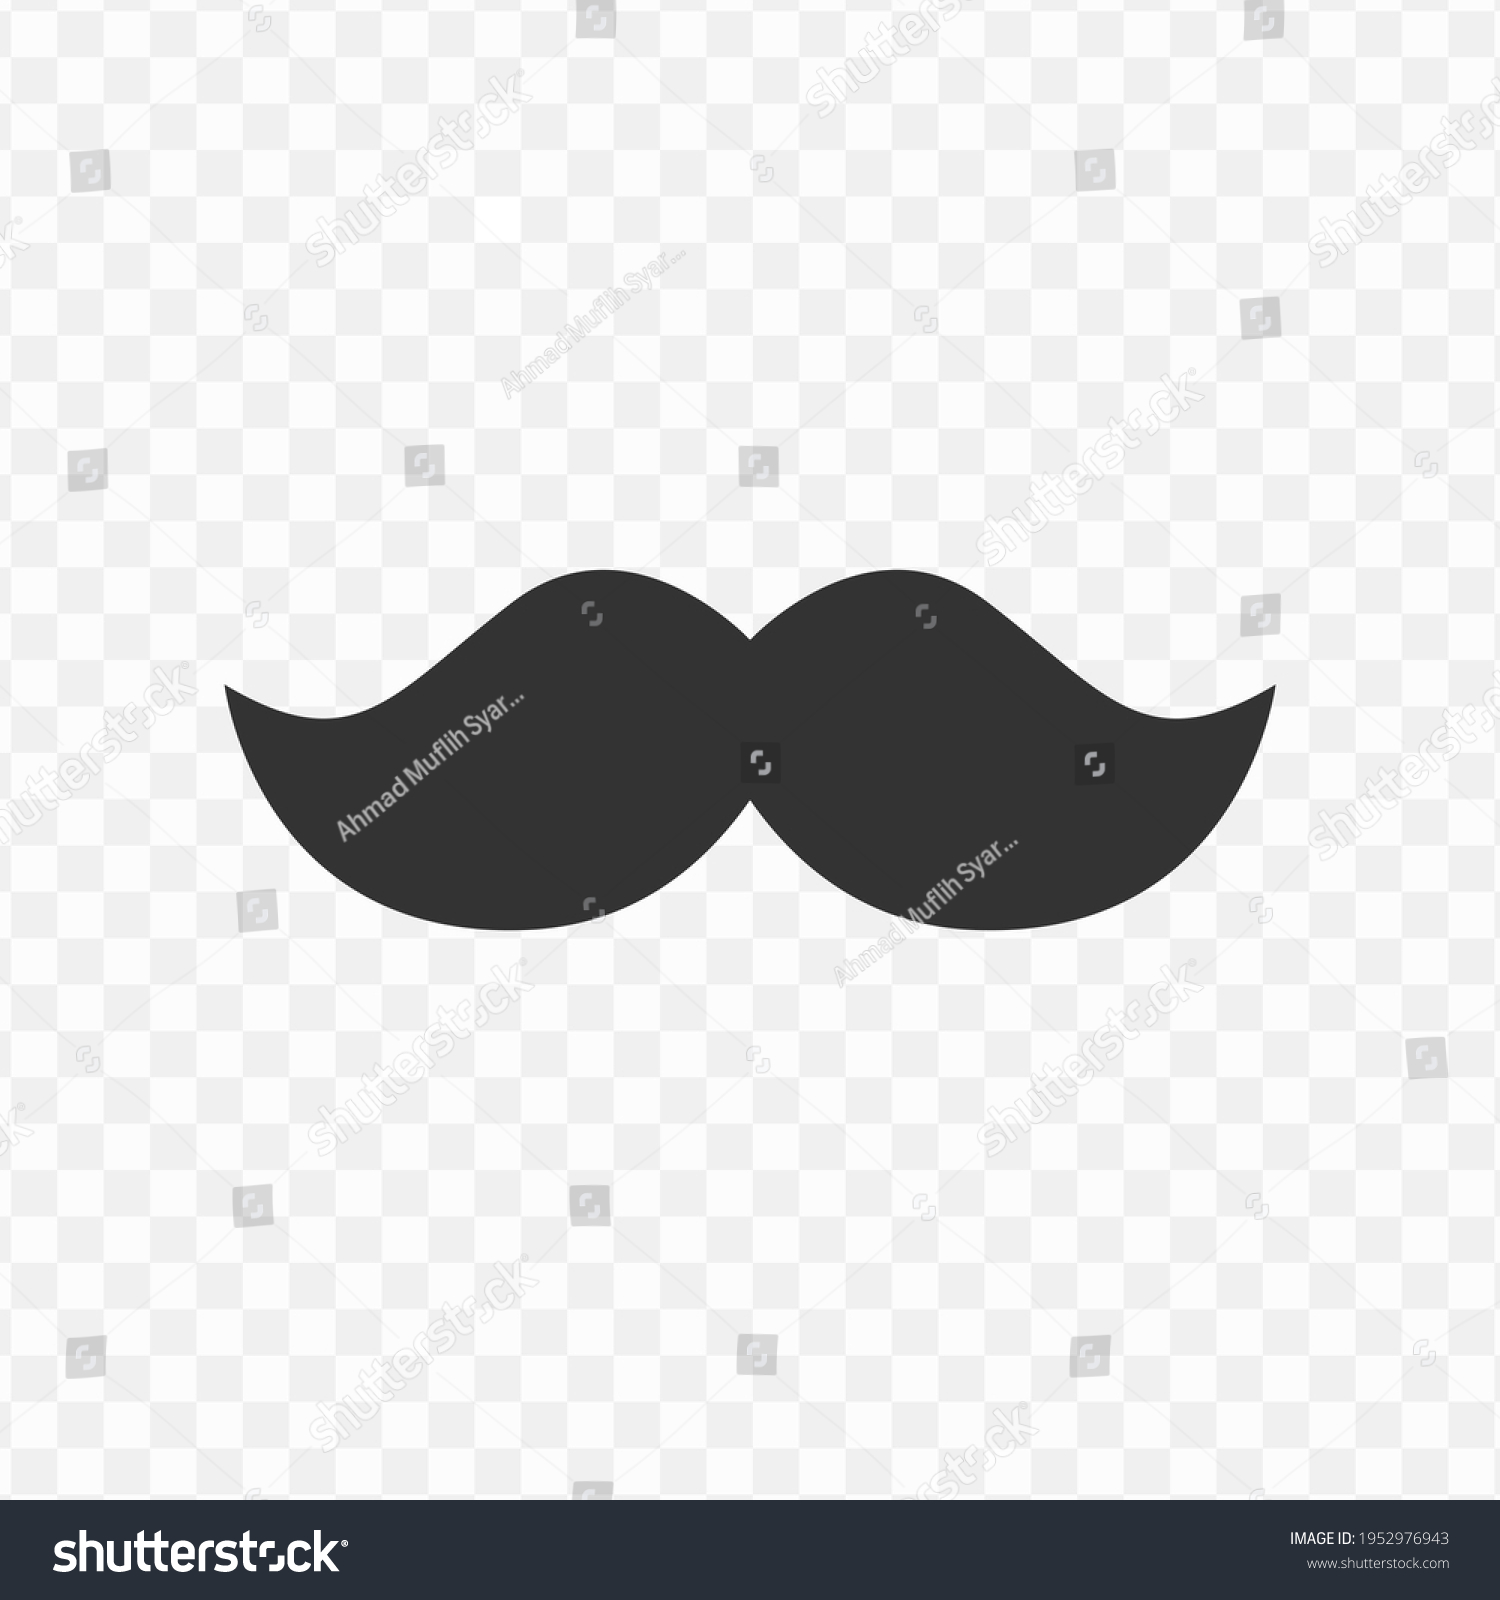 2,057 Mustache on transparent Stock Illustrations, Images & Vectors ...
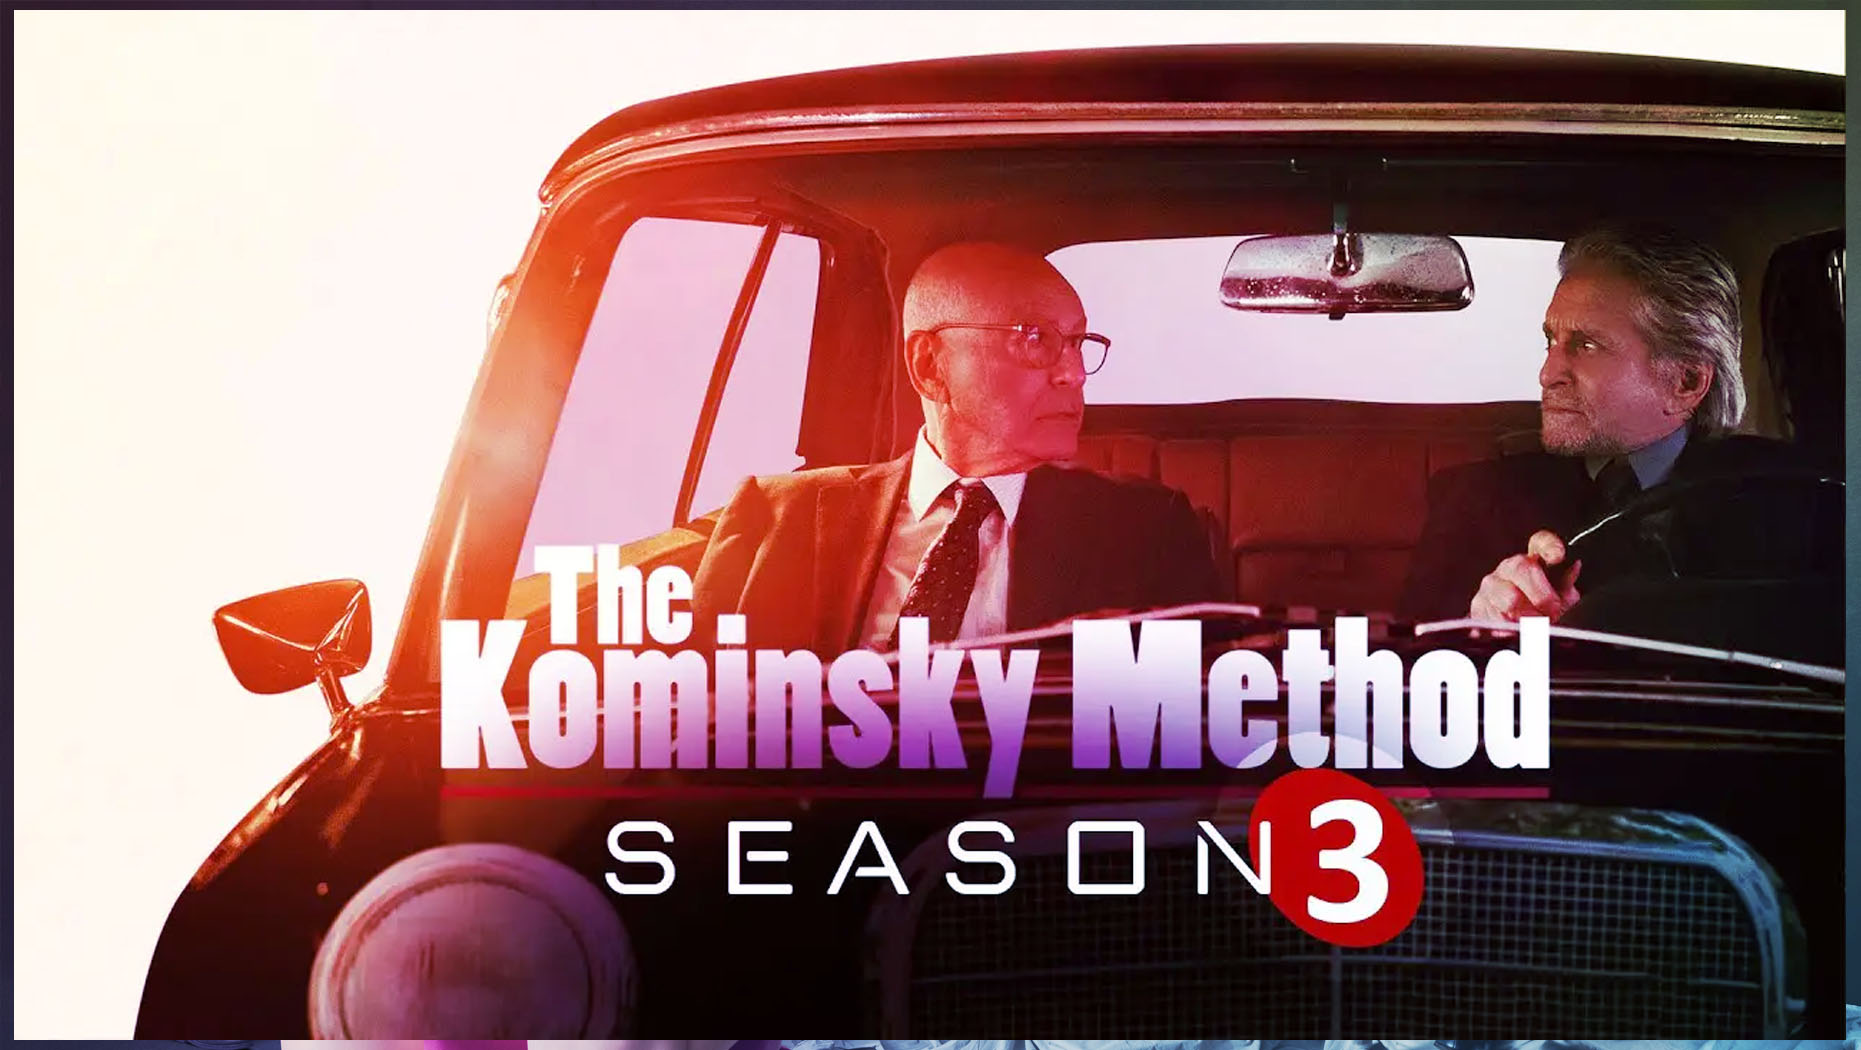 The Kominsky Method Season 3
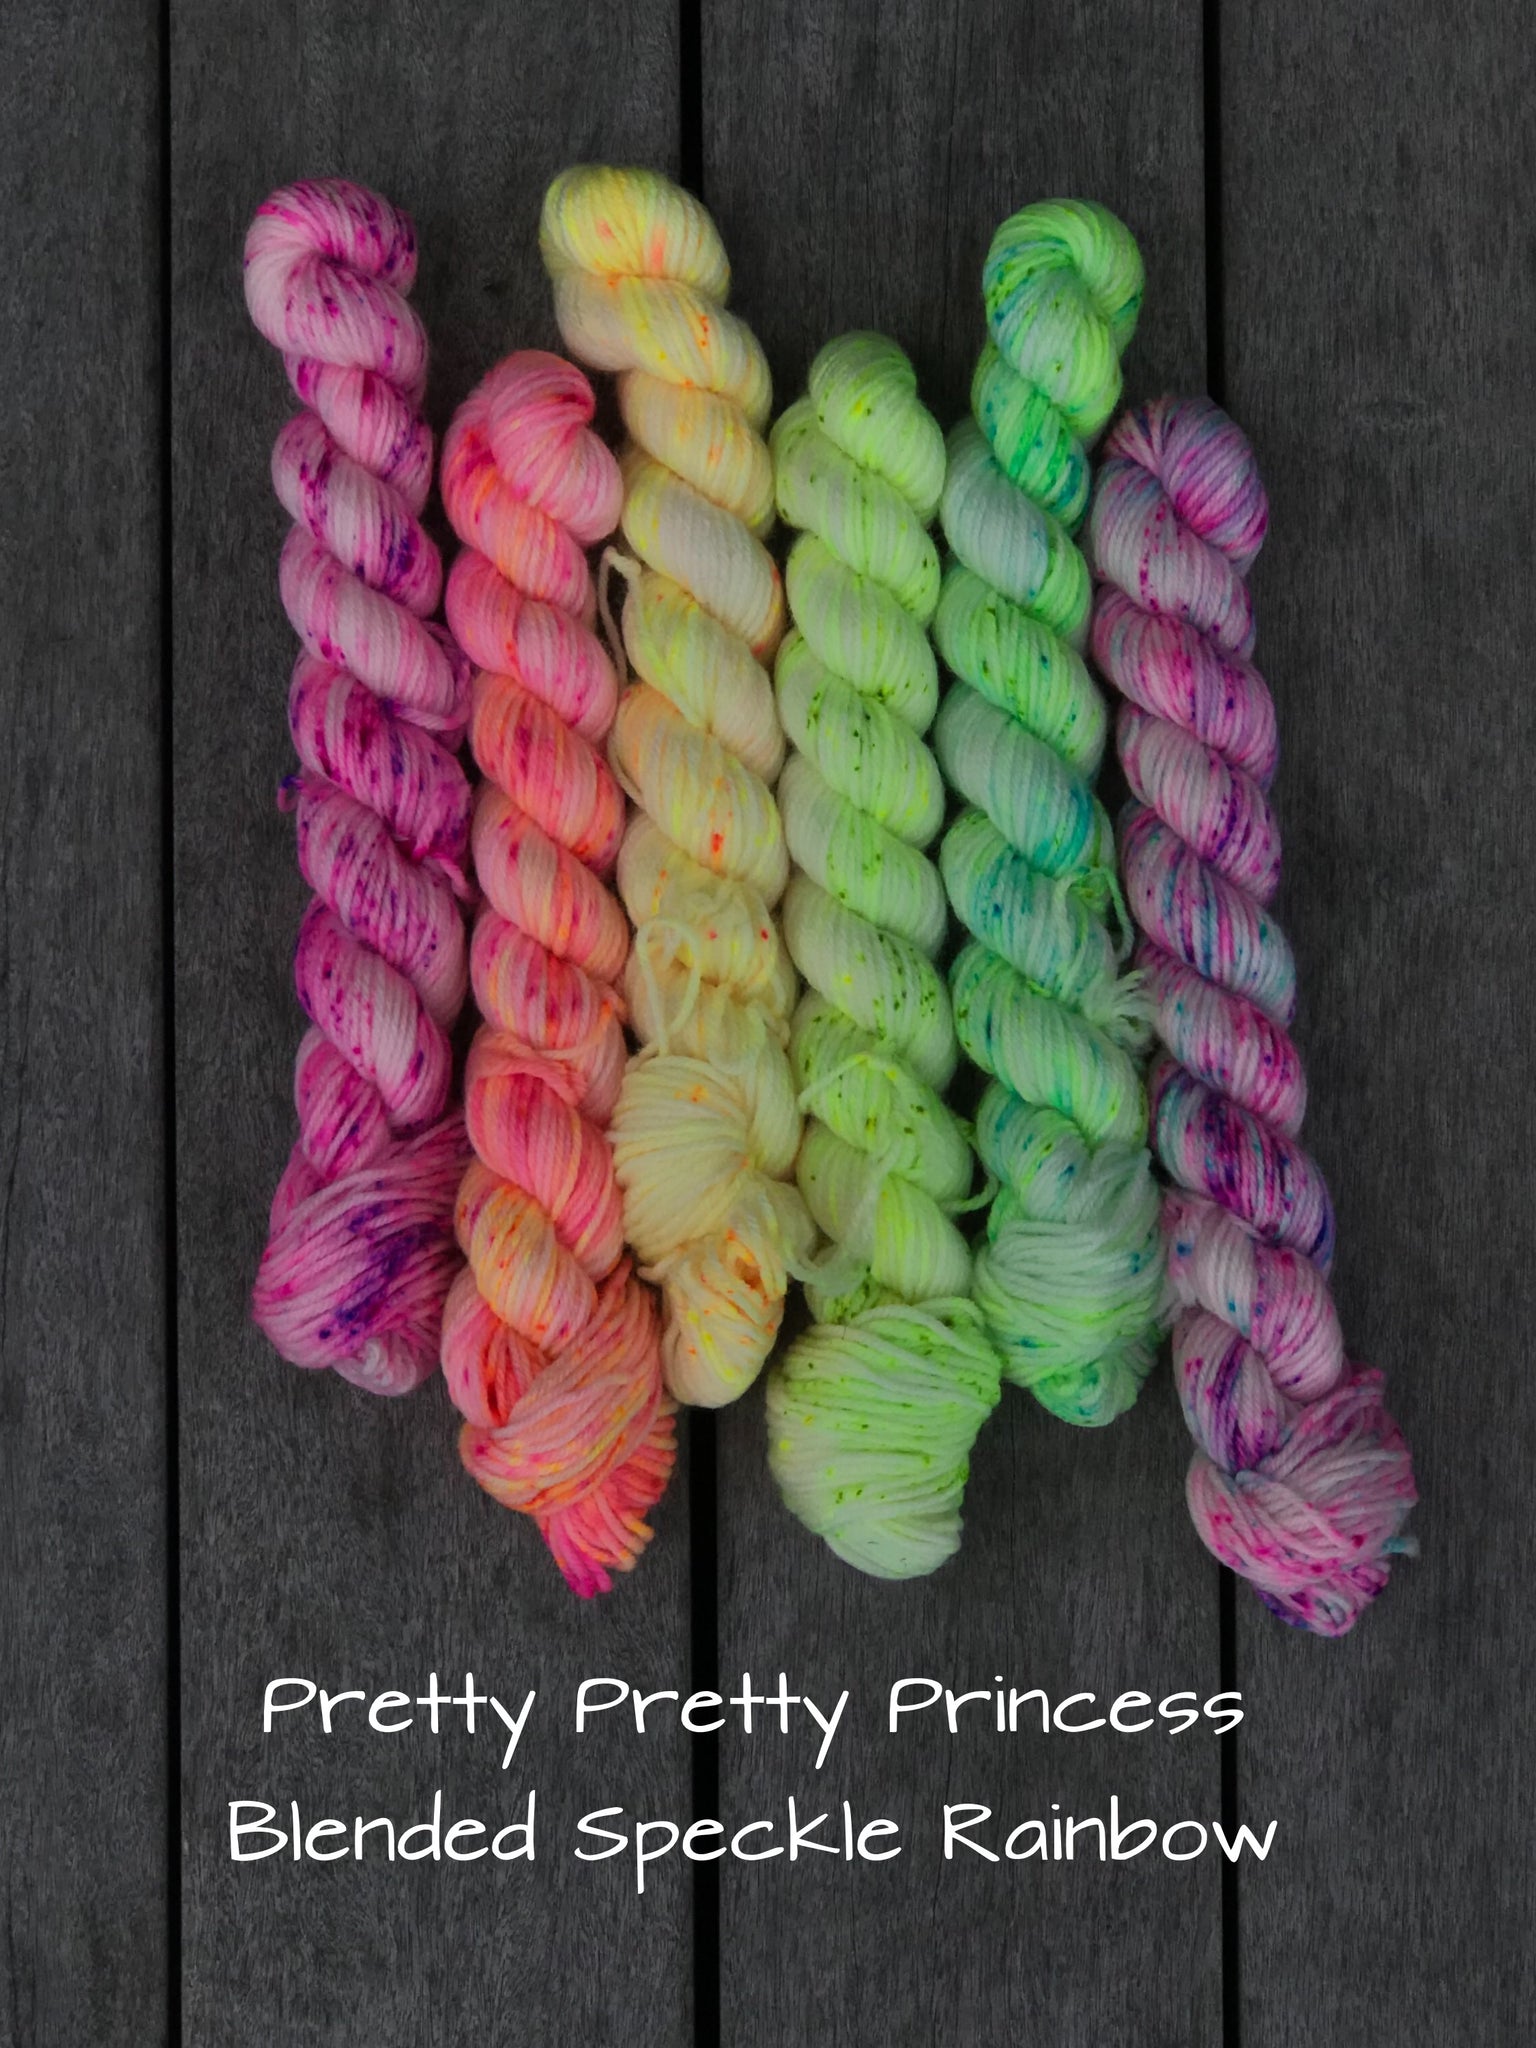 Unicorn Pastel Rainbow mini yarn set of 6 solid colored mini

---

§ EXERCISE AIM
Every line above should be repeated exactly; pictures stay out of the copy.

§ WRITTEN REPLY
 2,057 Mustache on transparent Stock Illustrations, Images & Vectors ...
 The Kominsky Method Season 3
 Unicorn Pastel Rainbow mini yarn set of 6 solid colored mini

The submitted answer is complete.